Captain Adorable walked into our church, saw her, and decided to pursue her like a man. He is godly and has upstanding character. He’s thoughtful and really good at taking care of her. It’s not that I want him, but in all the little ways that he’s perfect for her I want a good man of character who is perfect for me

How often have I thought of that exact scenario for myself? And then it happens, but not for me. For her after she’s waited a year. I’ve waited for 25.

–       My pride was damaged because I thought I was above jealousy. I needed to get over myself. My flesh is still susceptible to every form of sin. Also, for the past couple of years I’ve been more content in my singleness than ever before. Really and truly happy where I am. Then suddenly she gets a guy and all that is out the window? I was pissed that jealousy had ruined my content-with-my-gift-of-singleness streak. I also needed to get over myself about that.

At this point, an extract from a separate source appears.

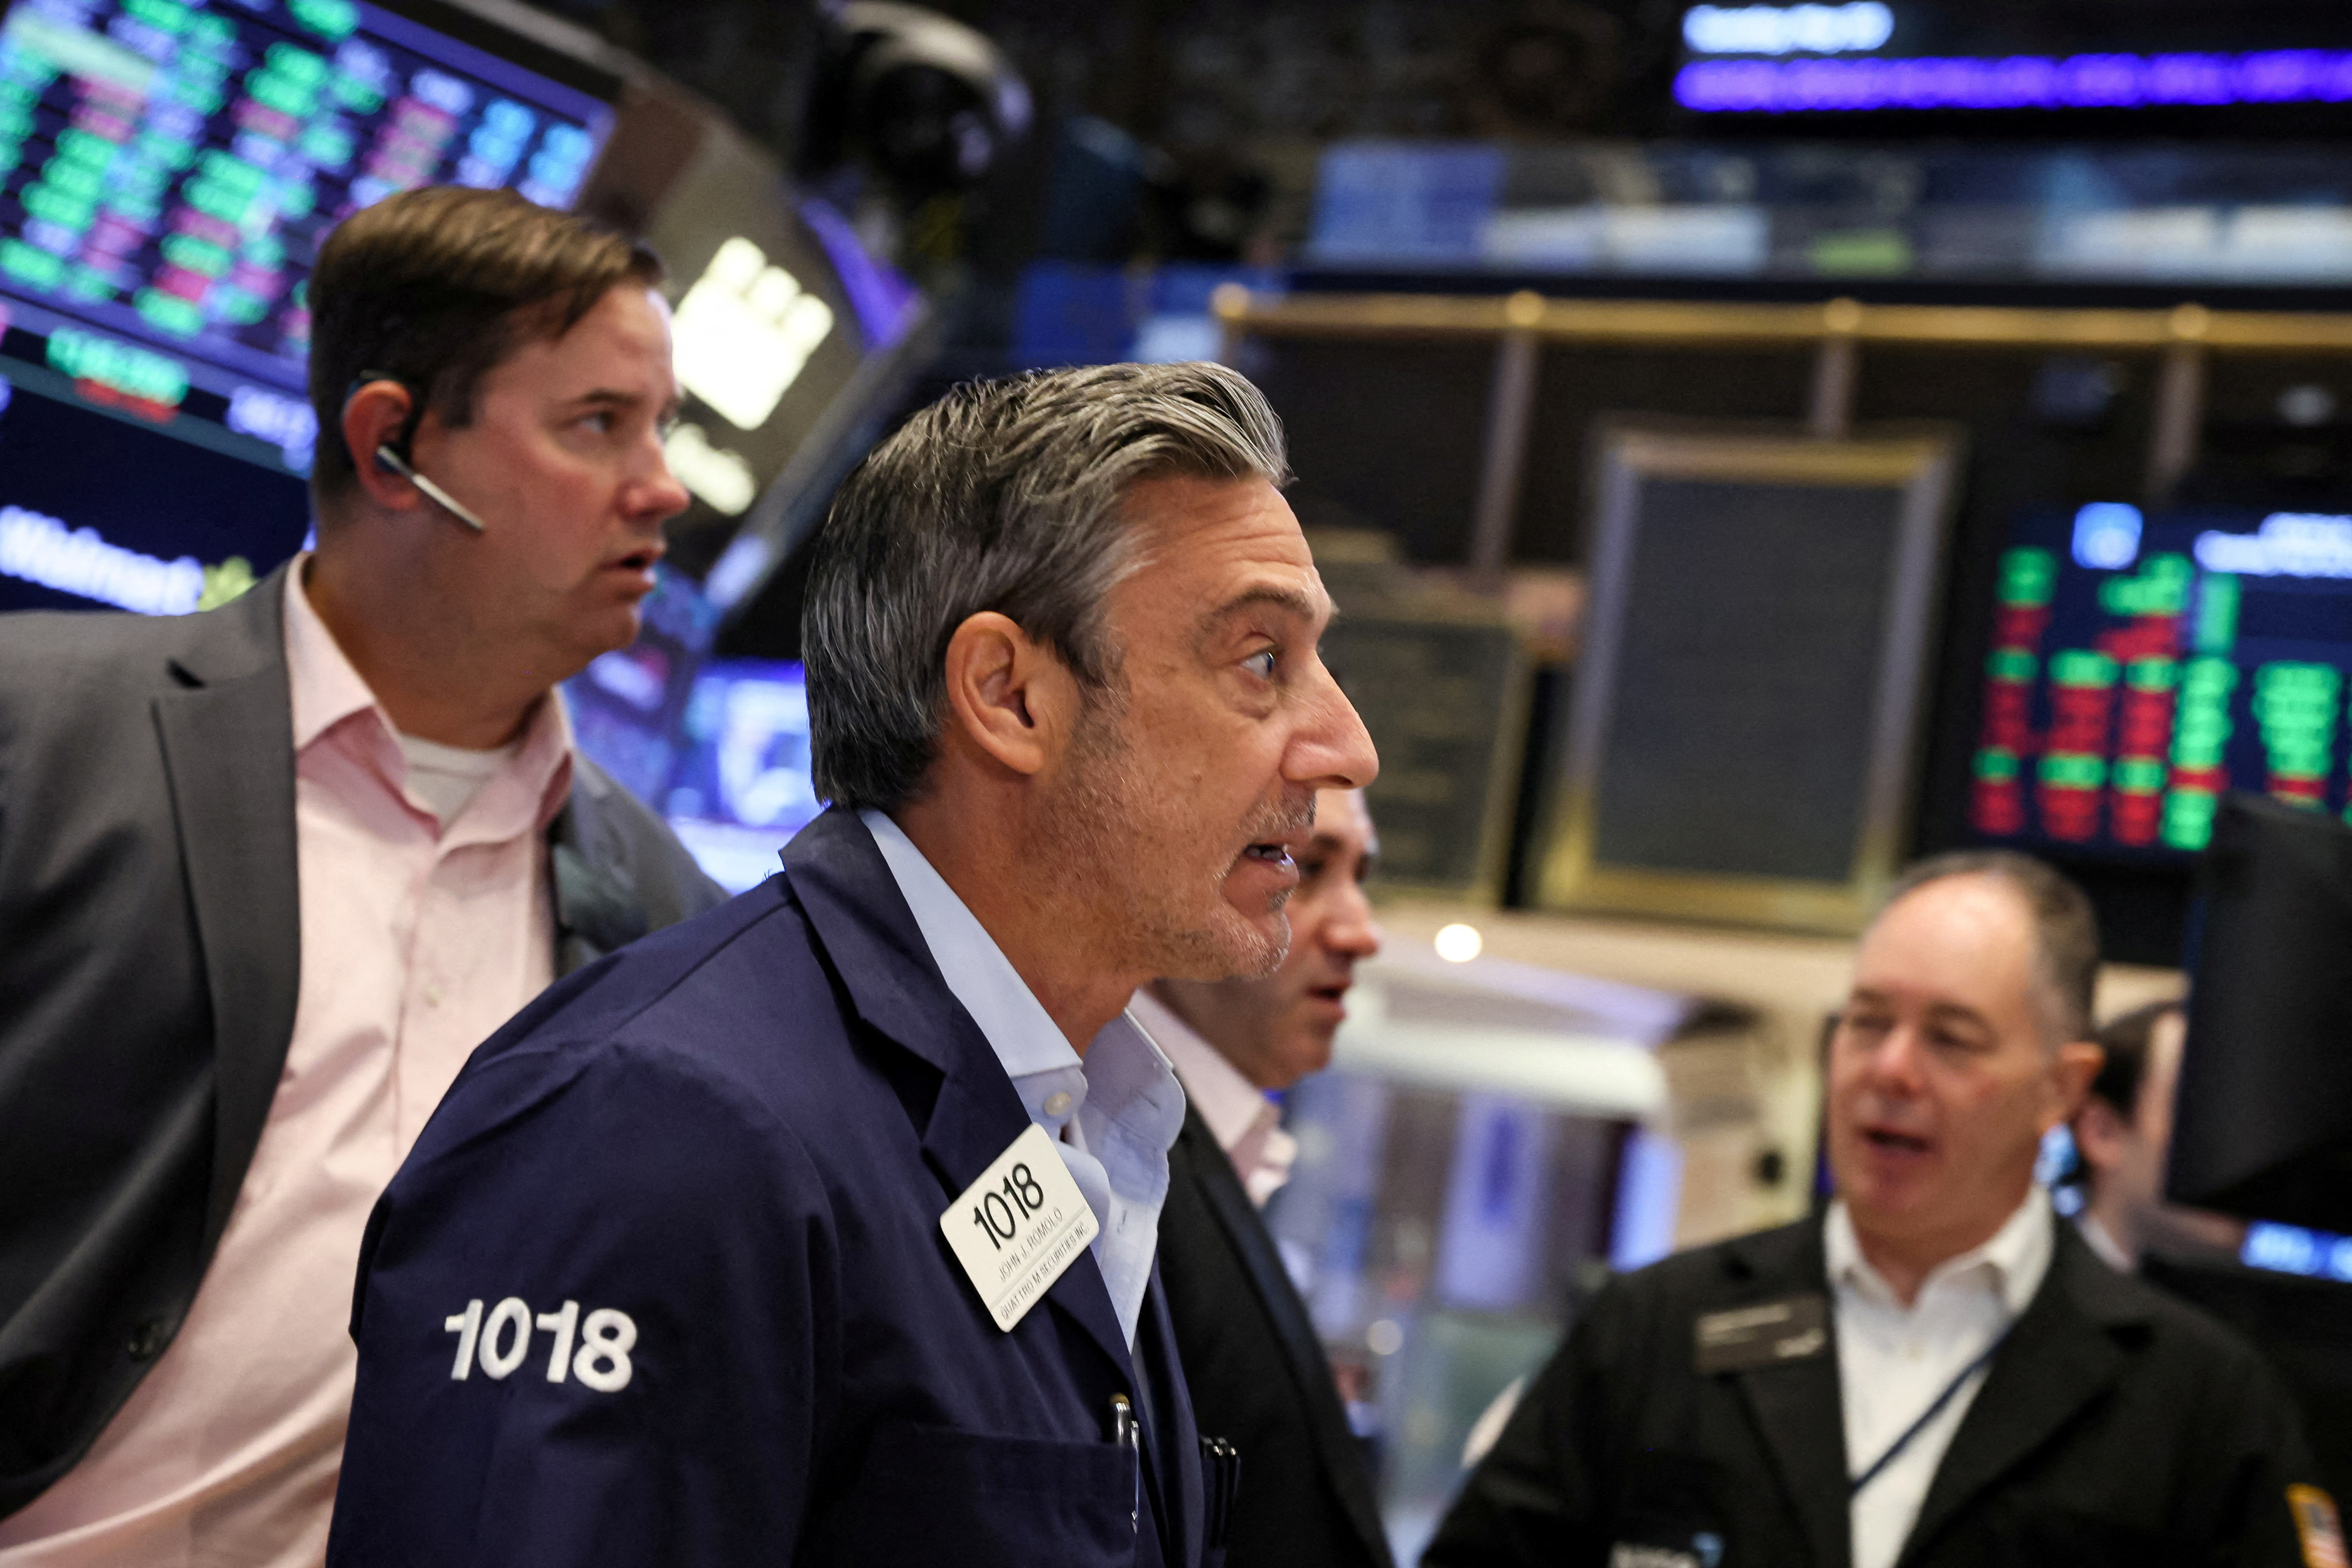 Wall Street ends higher as Powell ends testimony

–       If something was going to change, I wanted it to change for all three of us at once. It made me realize that whoever starts seeing someone next, either me or Logicat, it’s going to really suck for the other. 

–       I didn’t want things to change, period. I couldn’t tell Bushbaby how I was feeling because she’d feel bad and I didn’t want to burst her bubble! It was the first time I couldn’t talk to her about something and that might have been the most upsetting part of it all.

Once I sorted all this out I felt much better though I swear I gained ten pounds during those five days. 

I hate feeling like that…Like I don’t have control of myself. It makes me have more compassion on people who are emotional all the time. But, the upside for them is that they feel joy and excitement more than I do. I’m jealous of them for that.

Maybe not Jealous Rage Monster jealous, but I guess I can be a jealous person after all.